Write the prime factorisation of 60.
60 = 2 × 2 × 3 × 5.
Long answer
Explain how to find the HCF and LCM of 12 and 18 by prime factorisation.
Write each as primes: 12 = 2×2×3 and 18 = 2×3×3. For the HCF, take the common prime factors with the lowest powers: one 2 and one 3, giving HCF = 6. For the LCM, take all prime factors with the highest powers: 2×2 from 12 and 3×3 from 18, giving LCM = 2×2×3×3 = 36. Check: HCF × LCM = 6 × 36 = 216 = 12 × 18.
List the divisibility rules for 2, 3, 4, 5, 9 and 10 with an example each.
Divisible by 2 if it ends in an even digit (e.g. 48). By 5 if it ends in 0 or 5 (e.g. 65). By 10 if it ends in 0 (e.g. 120). By 3 if the digit sum is divisible by 3 (e.g. 51, since 5+1=6). By 9 if the digit sum is divisible by 9 (e.g. 153, since 1+5+3=9).
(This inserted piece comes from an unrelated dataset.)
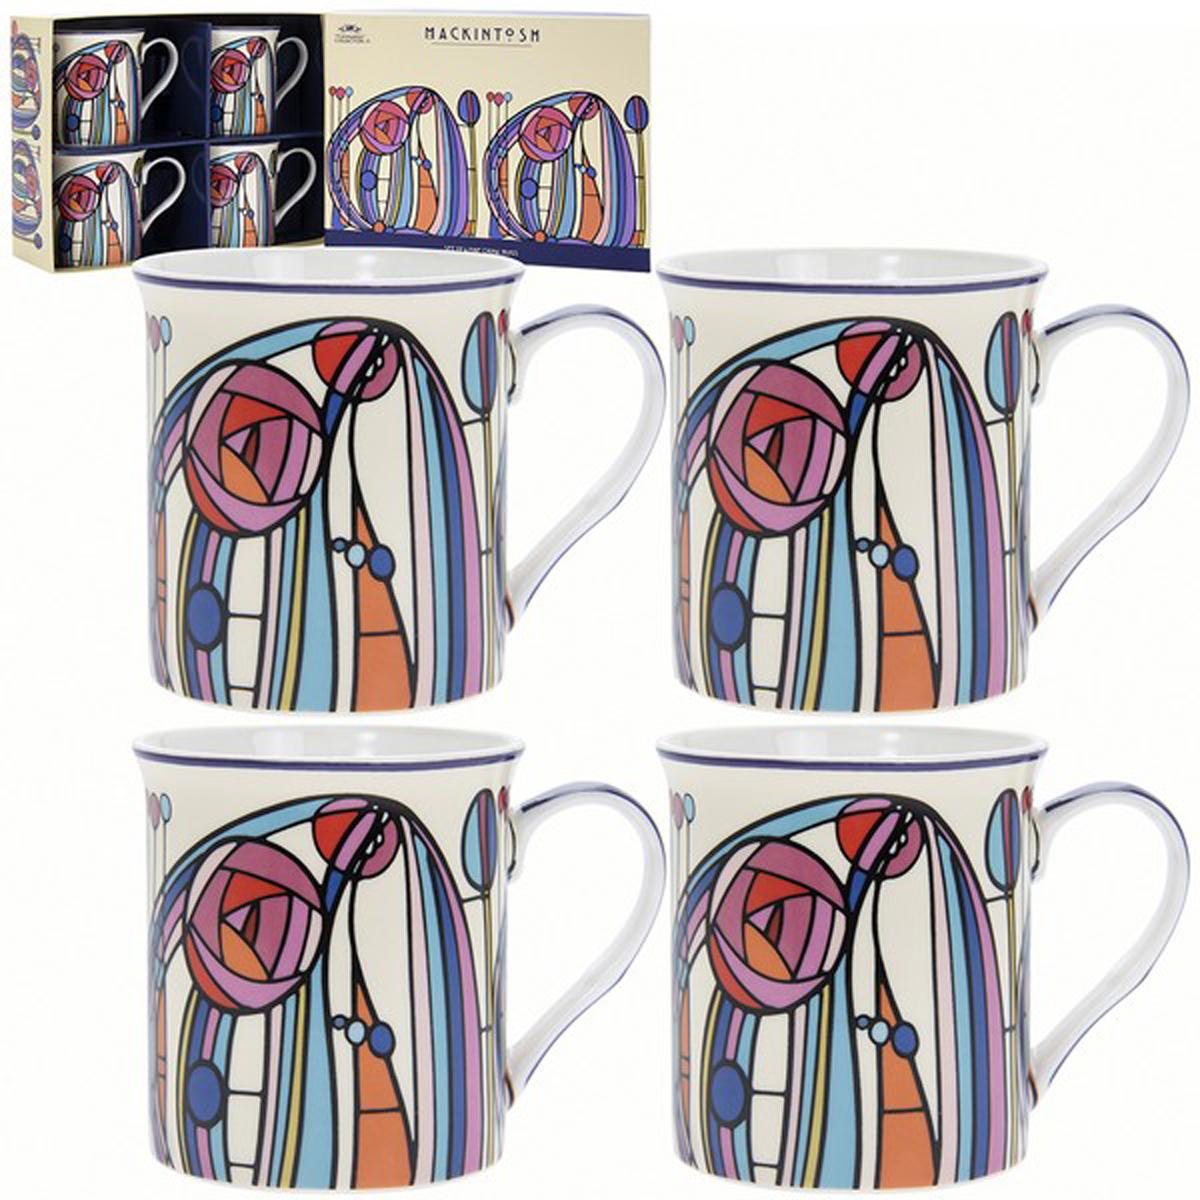 Coffret mugs porcelaine \'Mackintosh\' multicolore (4 mugs) - 85x85 mm  - [R1771]

By 4 if the last two digits form a multiple of 4 (e.g. 316, since 16 is divisible by 4).
HOTS (Higher Order Thinking)
A number is divisible by both 2 and 3. What other number must divide it, and why?
It must be divisible by 6, because 6 = 2 × 3 and the number contains both factors.
Why does every composite number have at least one prime factor?
A composite number can be broken into smaller factors repeatedly; this process stops at primes, so the original number is built from prime factors.
Quick revision
Revision notes
- Factor divides exactly; multiple is the number times a whole number.
- Prime: two factors; composite: more than two; 1 is neither.
- Divisibility: 2 (even), 5 (0/5), 10 (0), 3 & 9 (digit sum), 4 (last two digits).
- HCF = largest common factor, LCM = smallest common multiple; HCF × LCM = product.
Key takeaways
- Divisibility rules speed up finding factors.
- Prime factorisation underlies HCF and LCM.
- 2 is the only even prime; 1 is neither prime nor composite.
Frequently asked questions
Is 1 a prime number?
No — it has only one factor, so it is neither prime nor composite.
How do I quickly test divisibility by 3?
Add the digits; if the sum is divisible by 3, so is the number.
What is the relation between HCF and LCM?
For two numbers, HCF × LCM equals the product of the numbers.